Speaking following the release of the department’s 2016/17 annual report to Parliament, Davies acknowledged that “leakages” and “slippages” in the area of localisation persisted.

Government was having a particular problem verifying local content compliance by suppliers of 1 064 locomotives to Transnet and 600 commuter trains to the Passenger Rail Agency of South Africa. The acquisitions programmes have a combined value of over R100-billion.

The task team was paying particular attention to how the South African Bureau of Standards’ (SABS’s) local-content verification mandate could be funded, with the agency having recently confirmed with Engineering News Online that it had not conducted any verification of local content in relation to the locomotives being acquired by Transnet.

DTI director-general Lionel October said that the task team would assess how to fund the verification and whether the SoC and the supplier should had a role to play in bankrolling the audits.

In addition, the task team was also in discussion with the Auditor General to assess whether it was possible to integrate compliance with the designations into yearly audit reports. Davies said that, once instruction notes had been issued, compliance should be mandatory and there should, thus, be consequences for accounting officers and CEOs where the instruction notes were flouted.

No formal timeframe had been set for resolving either the SABS issue, or the processes with the Auditor General, but Davies indicated that he was eager to see progress on the matter and that he had asked for a presentation from the task team as soon as they were ready with recommendations.

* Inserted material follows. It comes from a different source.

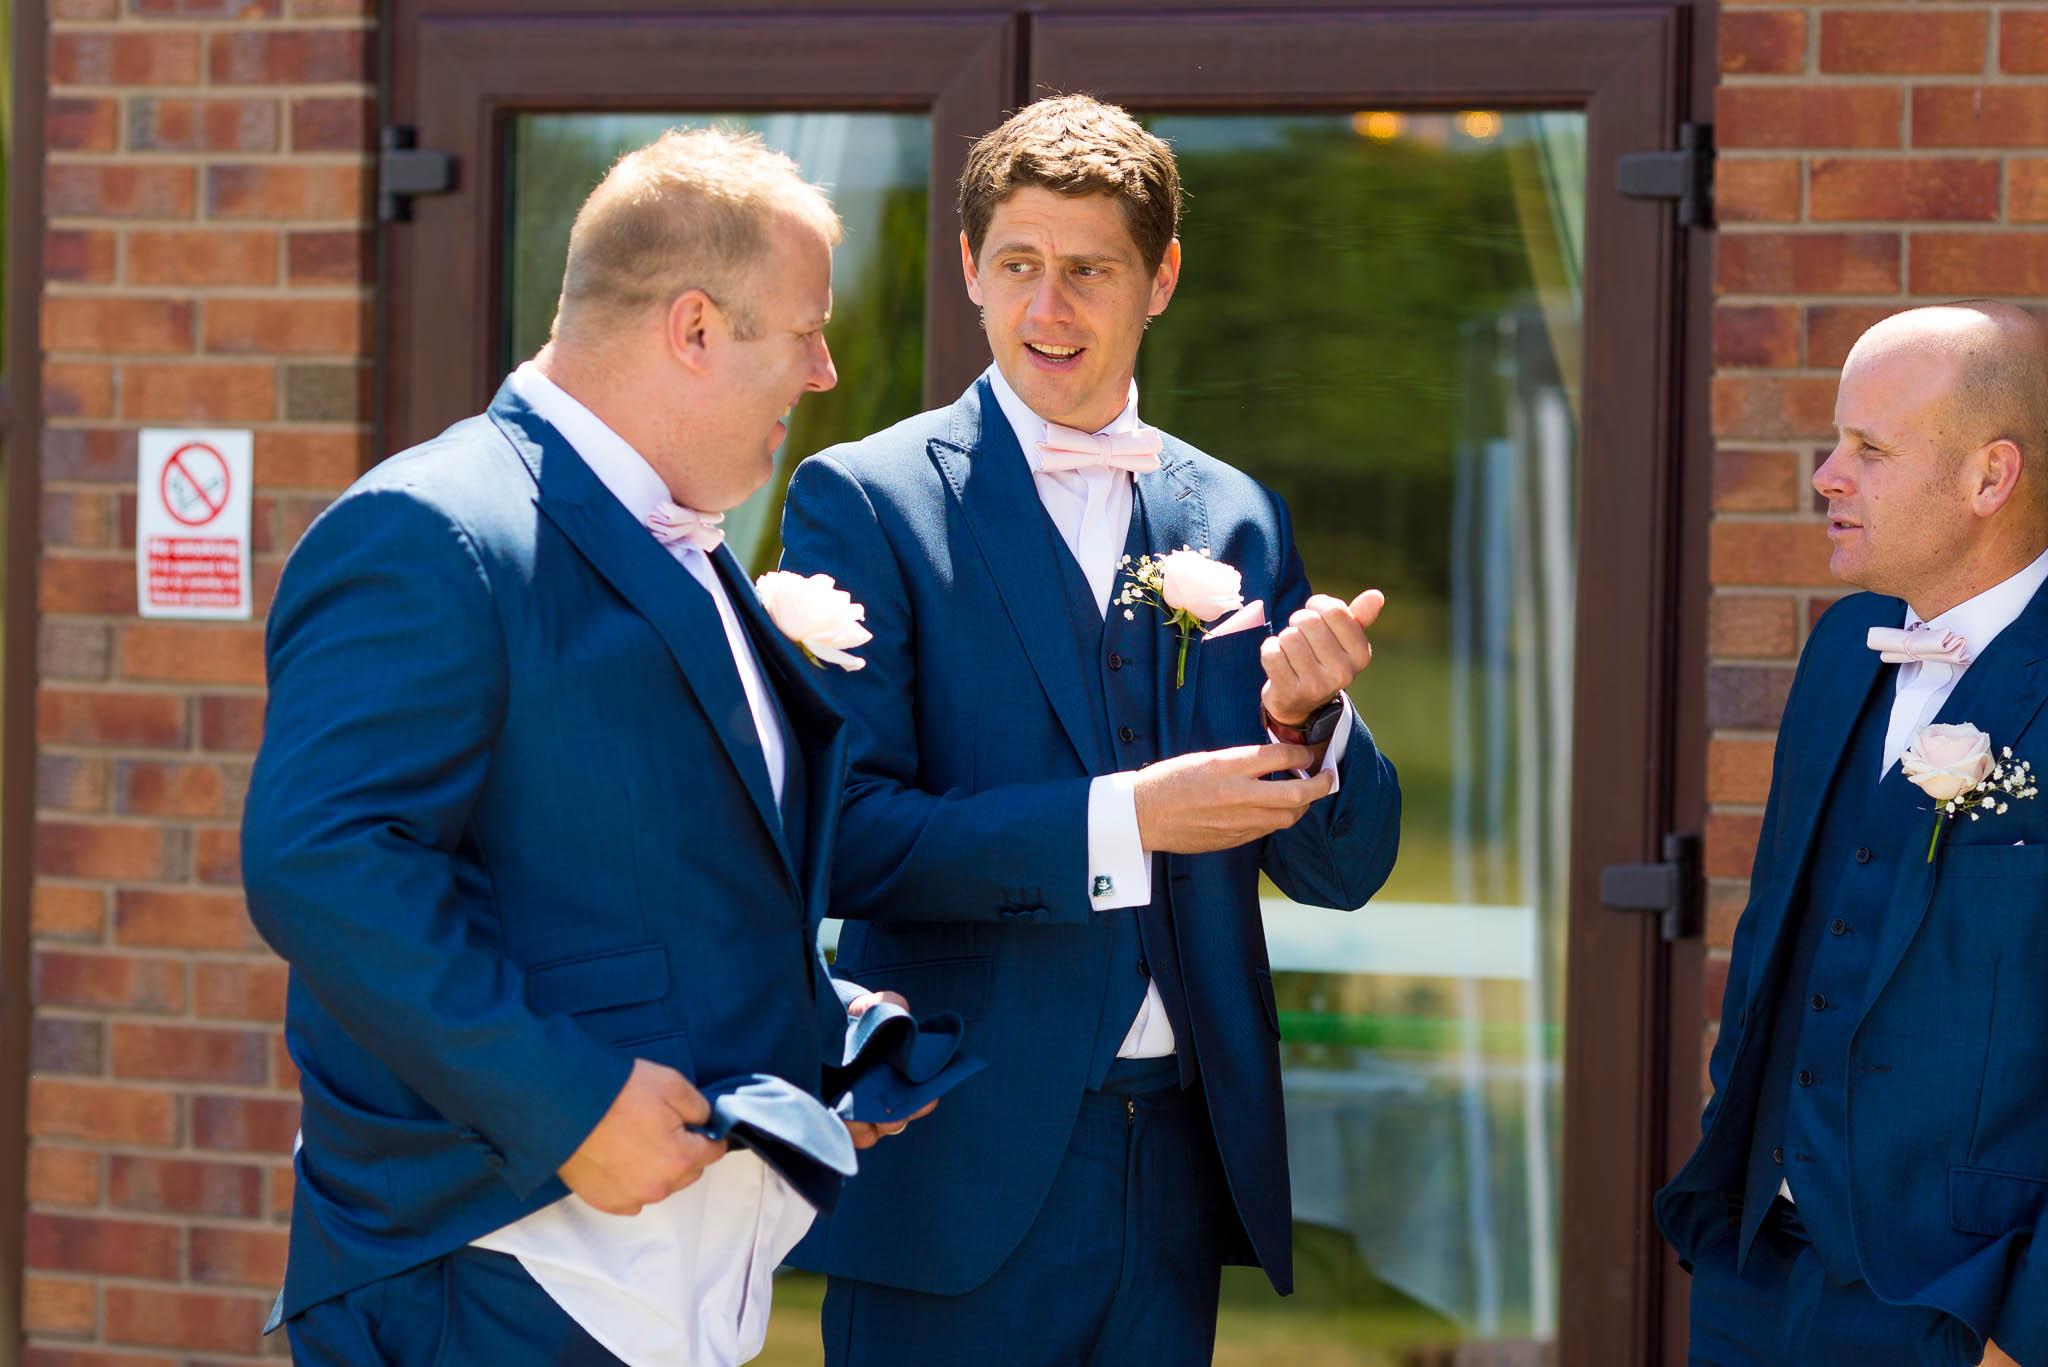 Darrington Golf Club Wedding Photographer43.jpg

He added that, in the absence of any prospect of new fiscal resources for industrial incentives, the DTI would be placing greater emphasis on adherence to the localisation instrument as a way of supporting government’s industrial policy objectives.

Separately, the Department of Performance Monitoring and Evaluation was conducting a review of government's existing localisation instruments with a view to making recommendations on how these could be improved. Again, no timeframe was provided for the completion of the work.

The DTI received a clean audit for 2016/17, as did six of the ten agencies under its responsibility. Audit issues where raised with regard to the SABS, the National Consumer Commission and the National Regulator for Compulsory Specifications.

The DTI spent R10.35-billion during the year against a budget of R10.39-billion.